● **DATA PROVIDED**
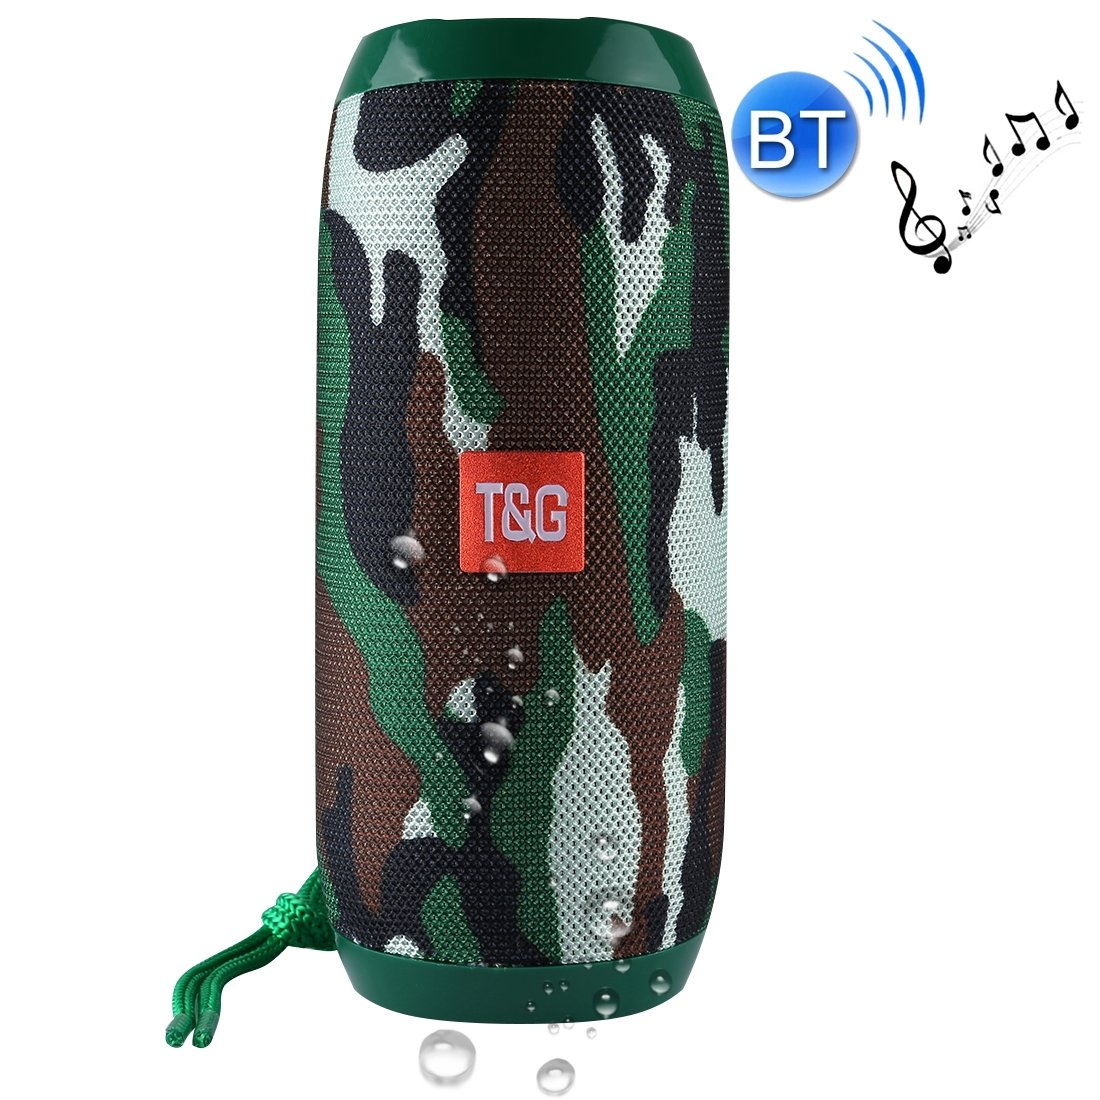 Consumer YHM TG117 ポータブルBluetoothステレオスピーカー マイク内蔵 ハンズフリー通話&microSDカード&AUX入力&FM対応 Bluetooth距離:10m(ブラック) Consumer B07QNJ7ZHR グリーン
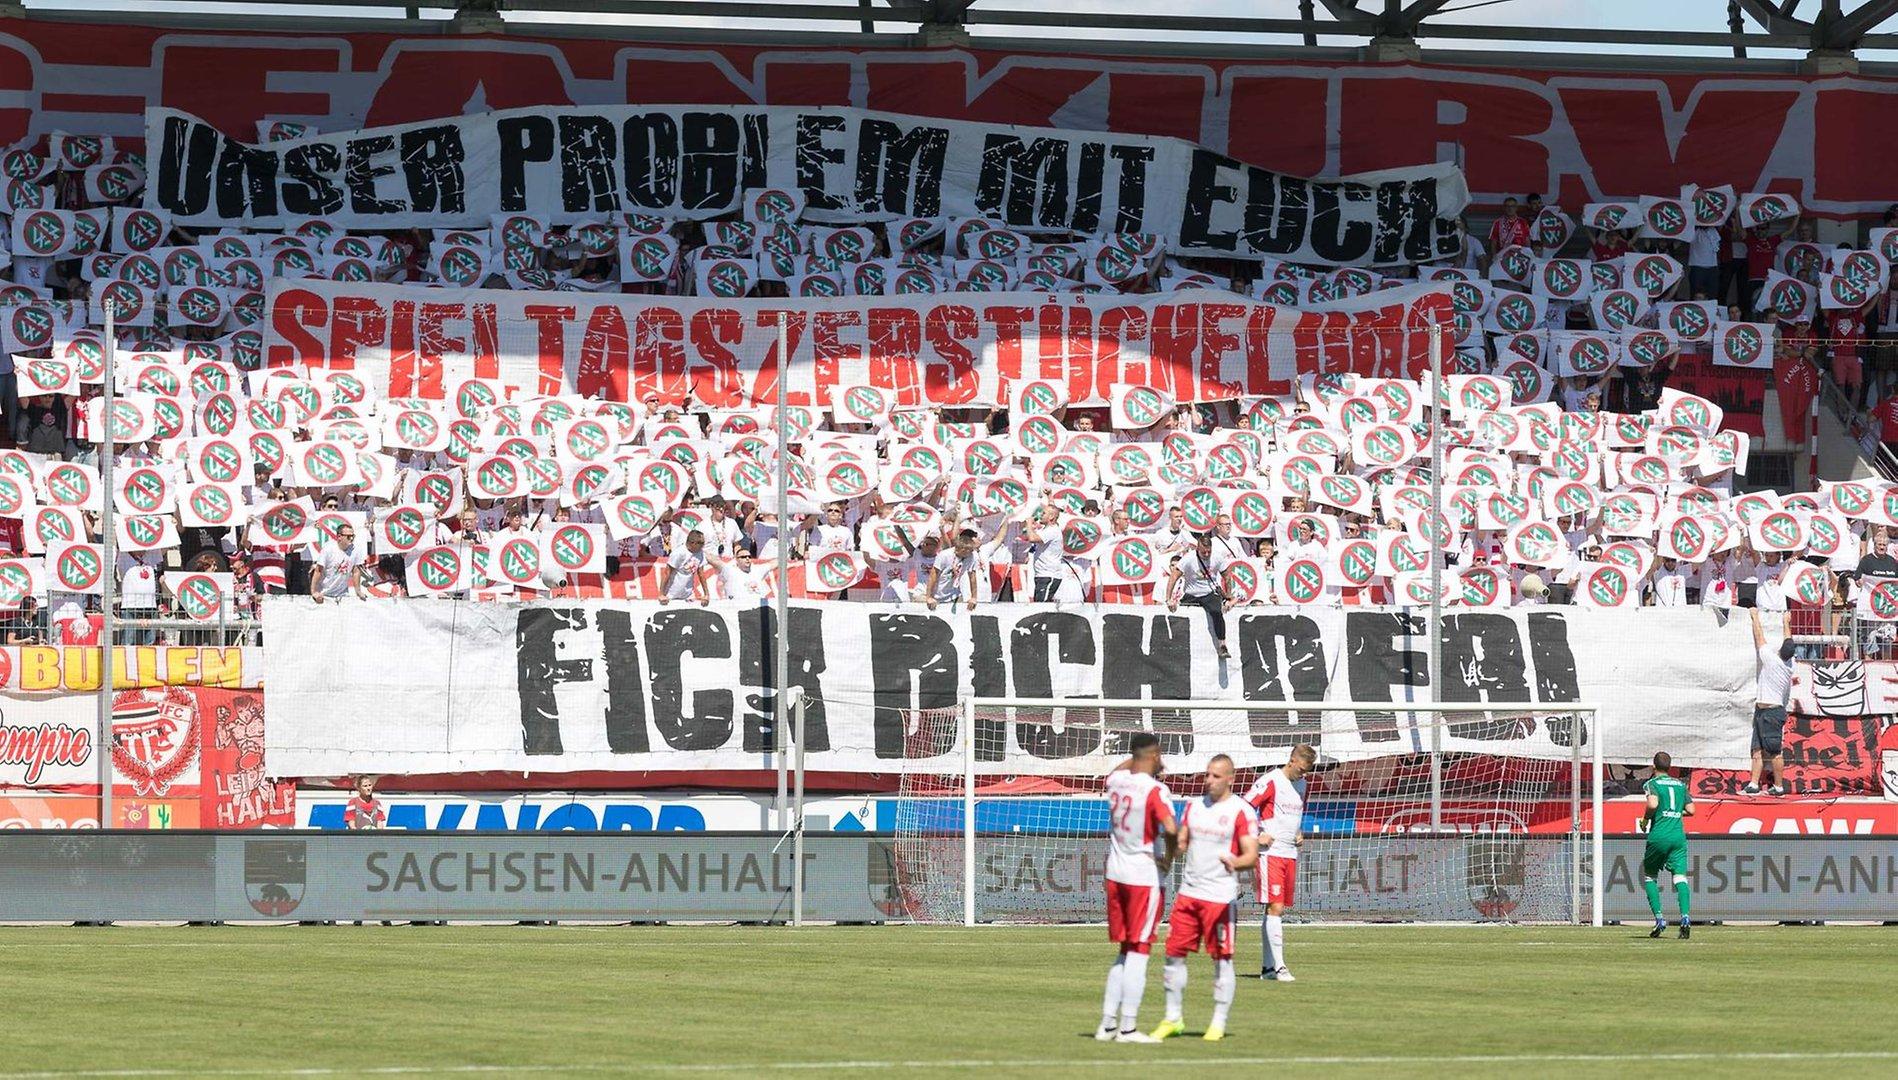 [Allemagne] Les supporters grondent à l'unisson contre la DFB et la DFL
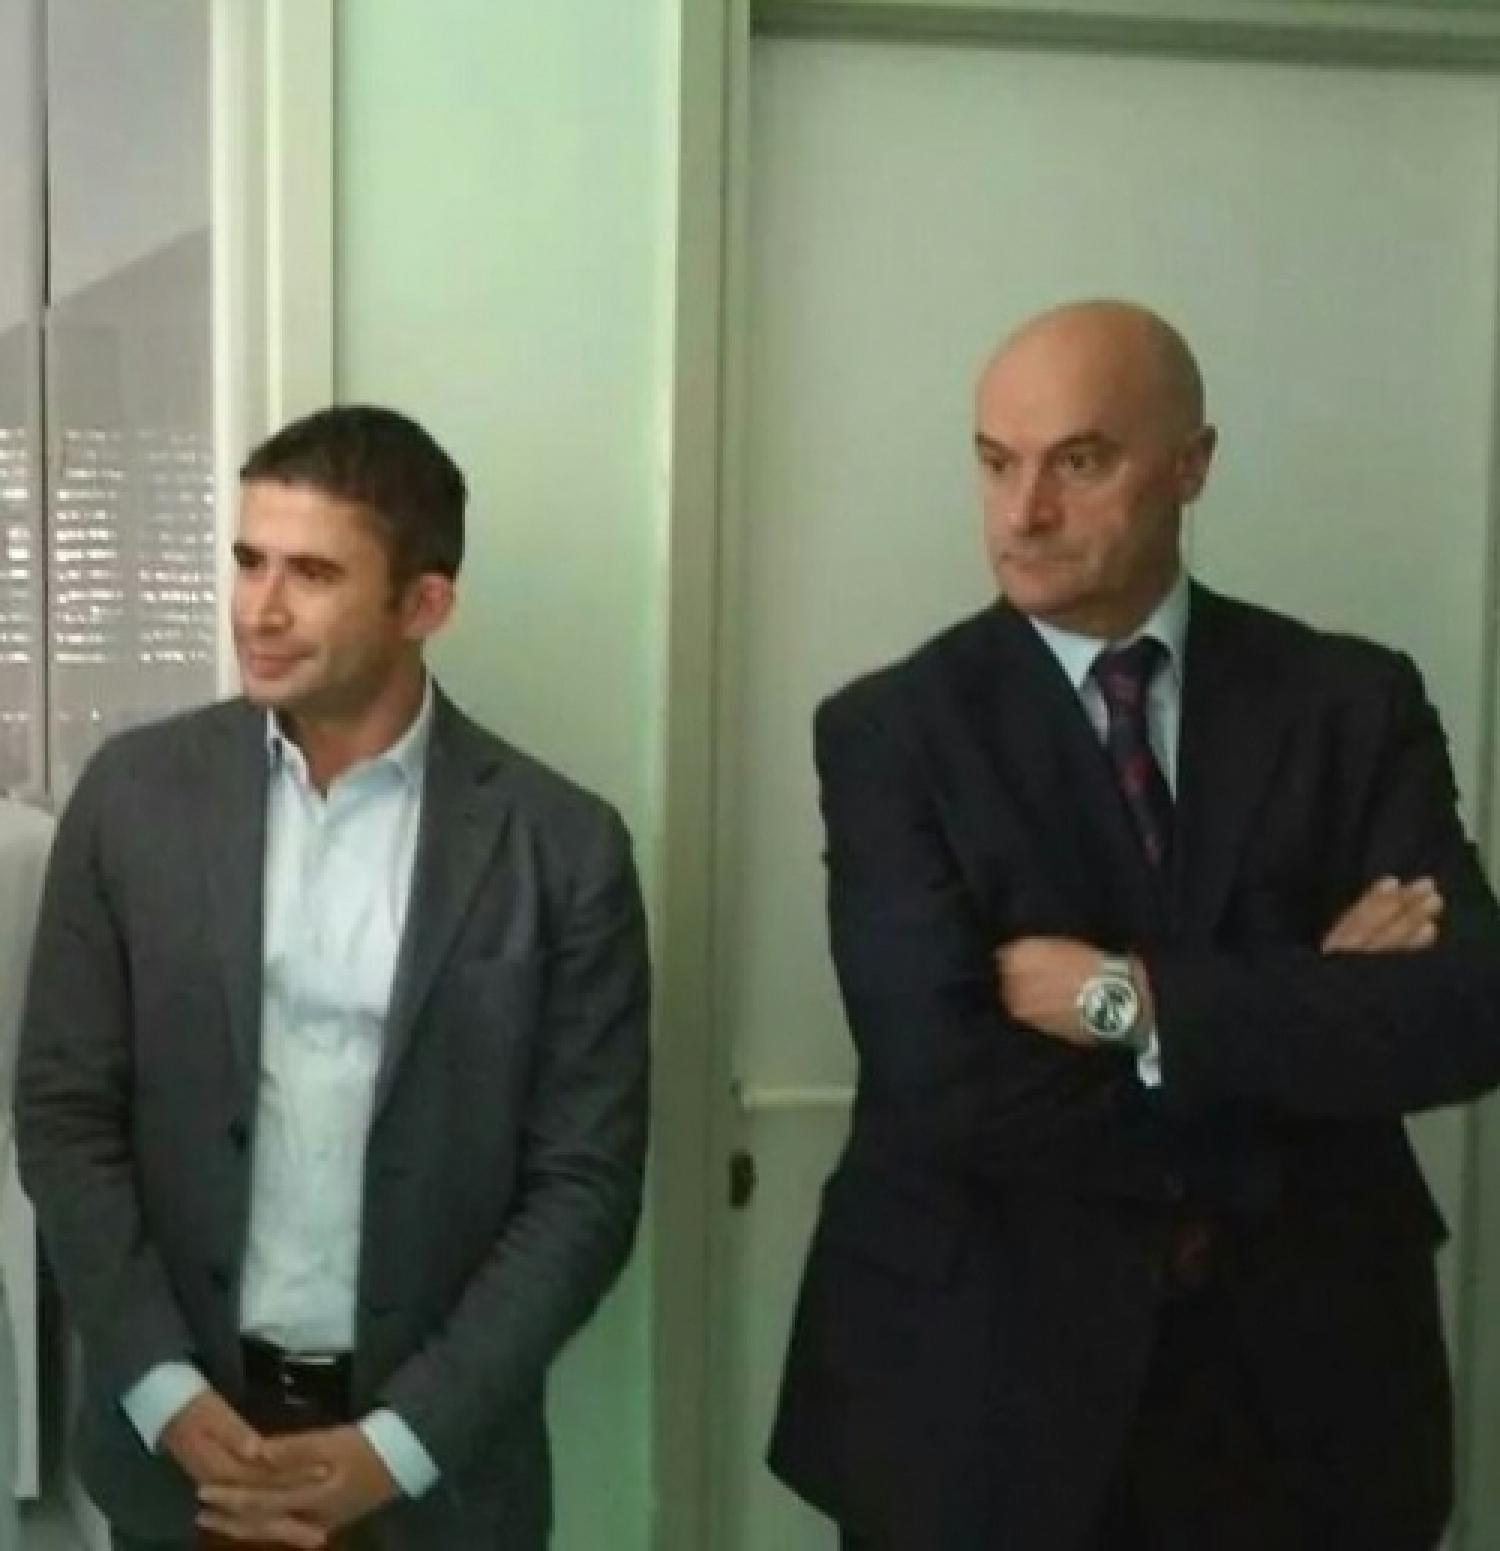 Berardinetti e Paolucci.JPG
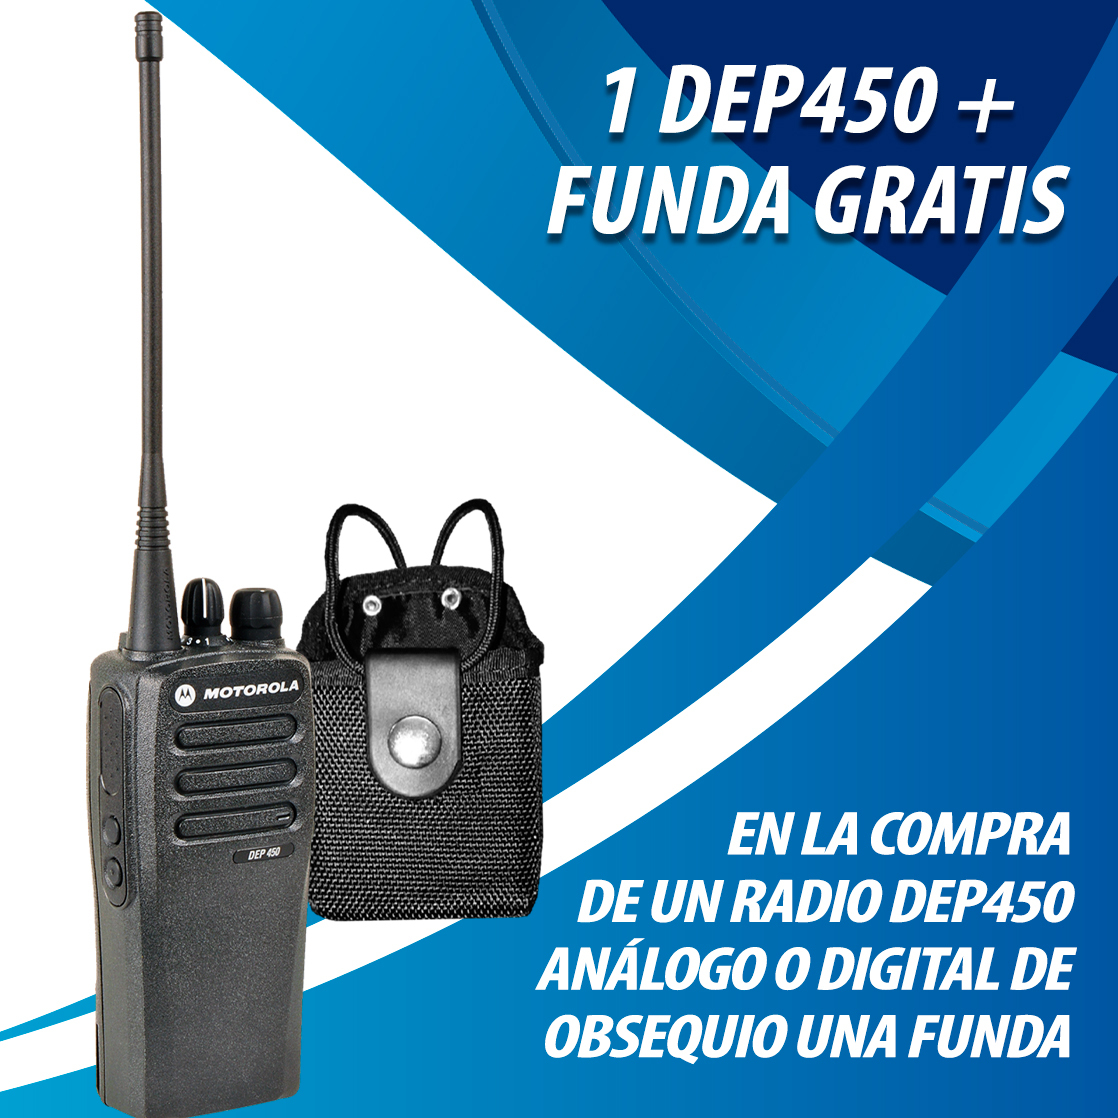 DEP450 CON FUNDA GRATIS

● **YOUR ASSIGNMENT**
With the pictures omitted, copy exactly the lines from the line that contains "Berardinetti e Paolucci.JPG" through the end of the material.

● **RESULT OF THE EXERCISE**
 Berardinetti e Paolucci.JPG
 DEP450 CON FUNDA GRATIS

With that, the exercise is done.